This a tangent from what we need in order to complete the project at hand, but some interesting theoretical issues involved in authorship and ownership are briefly addressed in Lionel Bently's review, "Copyright and the Death of the Author in Literature and Law," of The Construction of Authorship: Textual Appropriation in Law and Literature by Martha Woodmansee; Peter Jaszi, Durham, NC: Duke University Press, 1994, and Authorship and Copyright by David Saunders, London: Routledge, 1992, Modern Law Review, 57 (6), Nov. 1994, 973-986
...The claim that the concept of authorship in literature is intimately related to that which operates in law is principally an historical claim that copyright law, romantic authorship and the overpowering significance of the author were ‘born together’. That is, the link established in law between an author and a work, and the romantic conceptualisation of the work as the organic emanation from an individual author, emerged simultaneously at the end of the eighteenth century. The consequence of this, it is claimed (by Rose, for example), is that the literary critique of authorship threatens the intellectual foundations of copyright law. If the legal walls establishing ownership of the text were built on the same intellectual foundations as romantic authorship, and those premises turn out to be sand rather than rock, copyright will sooner or later come tumbling down...

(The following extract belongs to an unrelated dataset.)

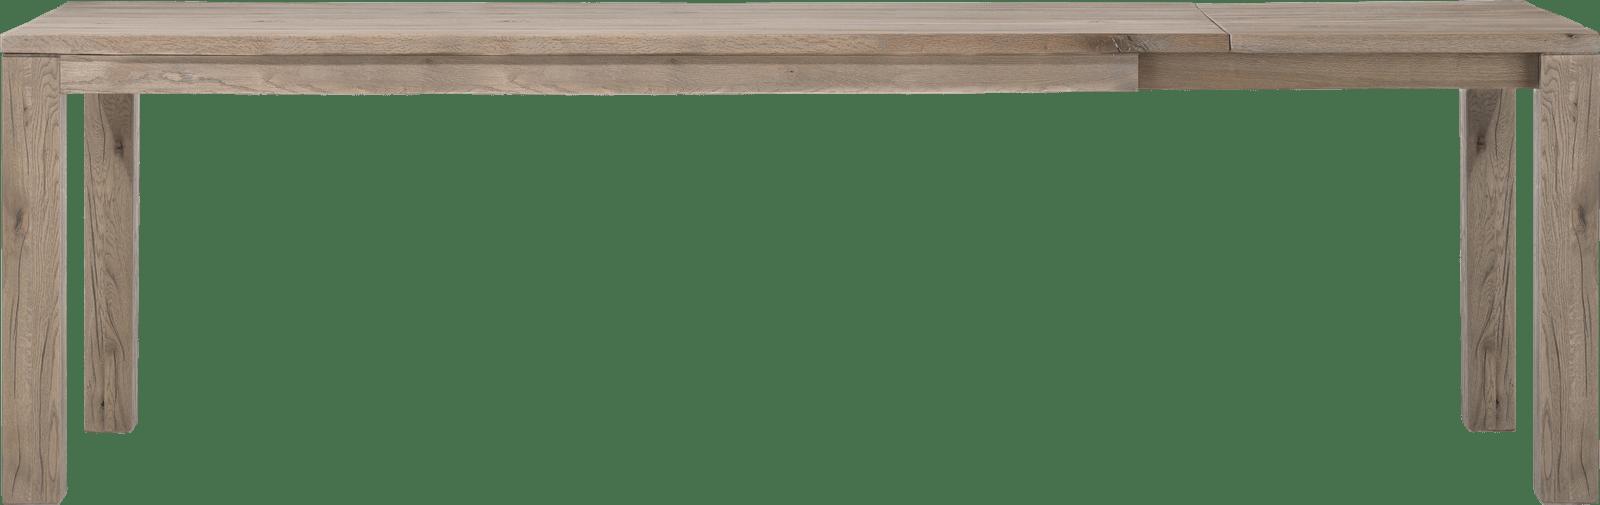 Masters - uitschuiftafel 200 (+ 60) x 100 cm - hout 9x9
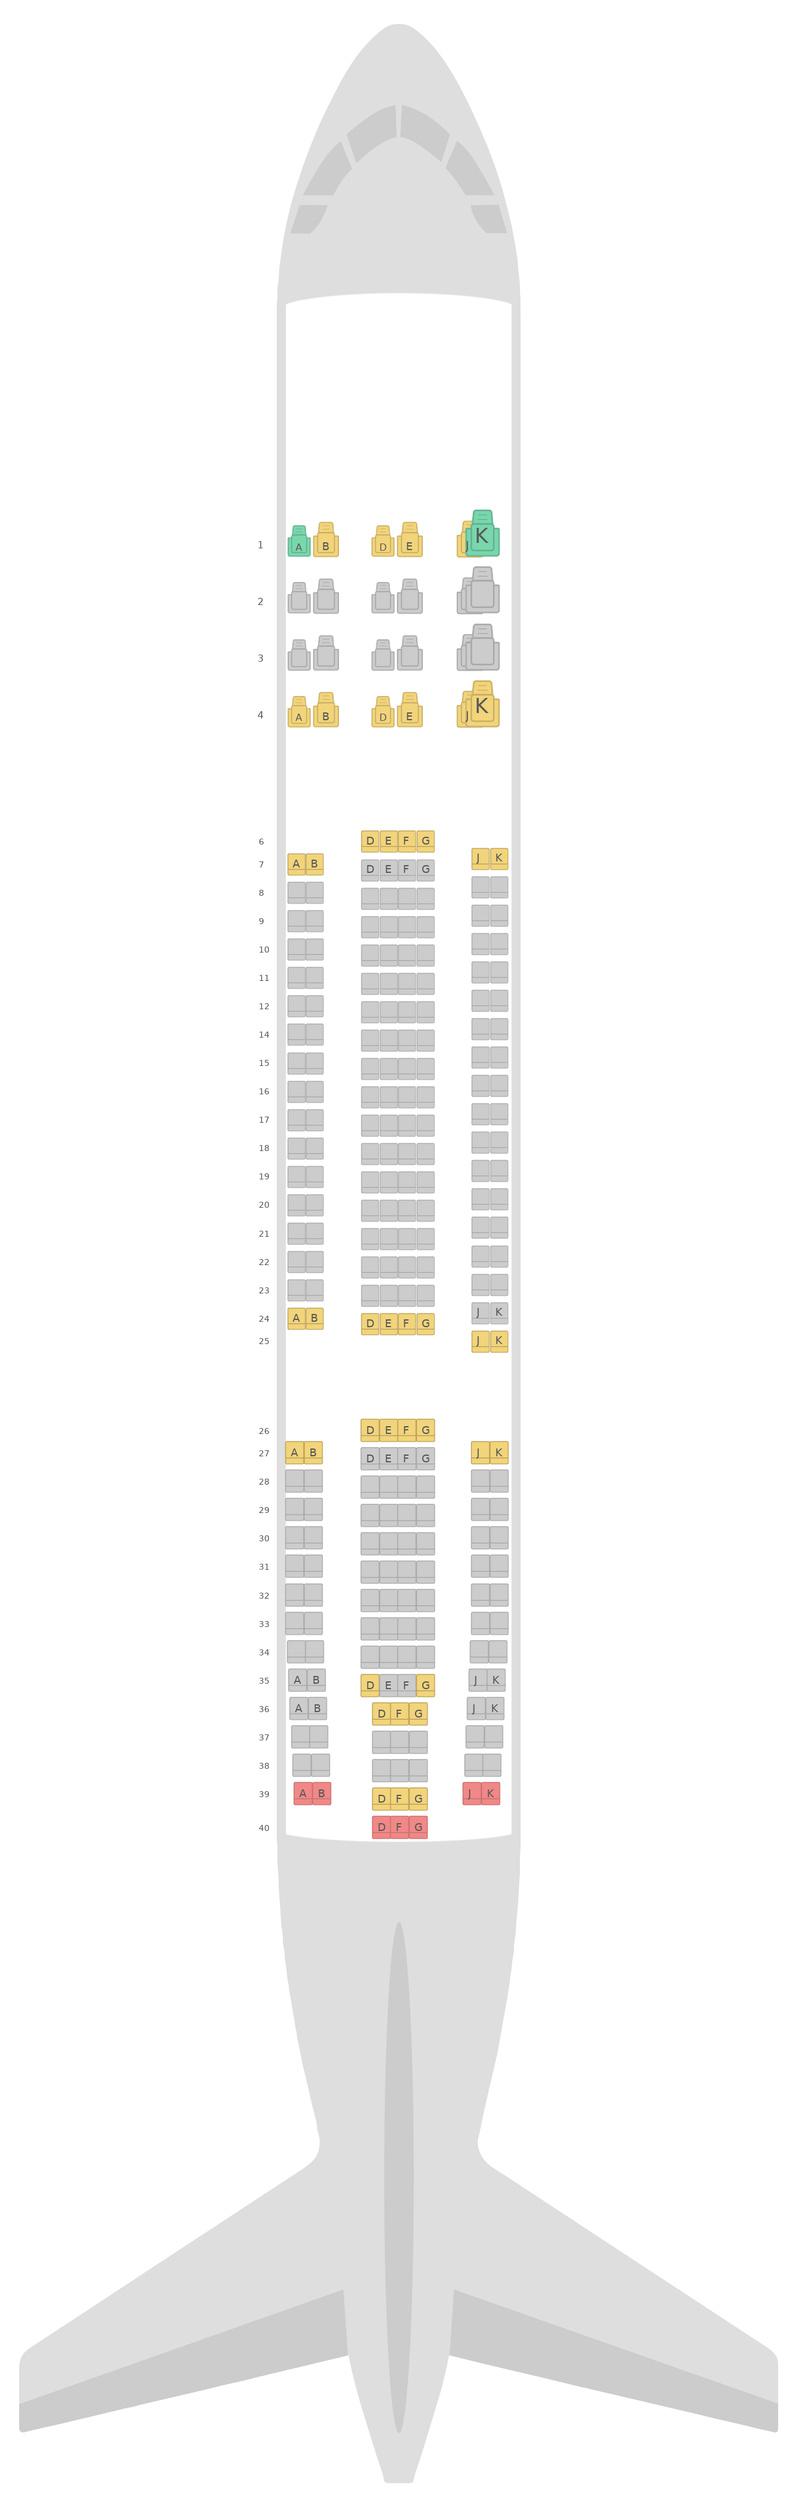 Sitzplan Airbus A330-200 (332) Fiji Airways

Does appropriation offer new insights into the original that we'd like to promote?

Patry on Appropriation Art and Copies:
. . . Might some conceptual appropriation provide new insights into the original? If so, we might think twice before legally condemning it.

Still, it must be noted that the art community is itself divided on appropriation art, with some artists whose works have been appropriated viewing the appropriators as destroying art. Here is an article from the October 13, 2005 issue of ArtsJournal.com that explores the divided views within the art community (scroll to the end of the article.) . . .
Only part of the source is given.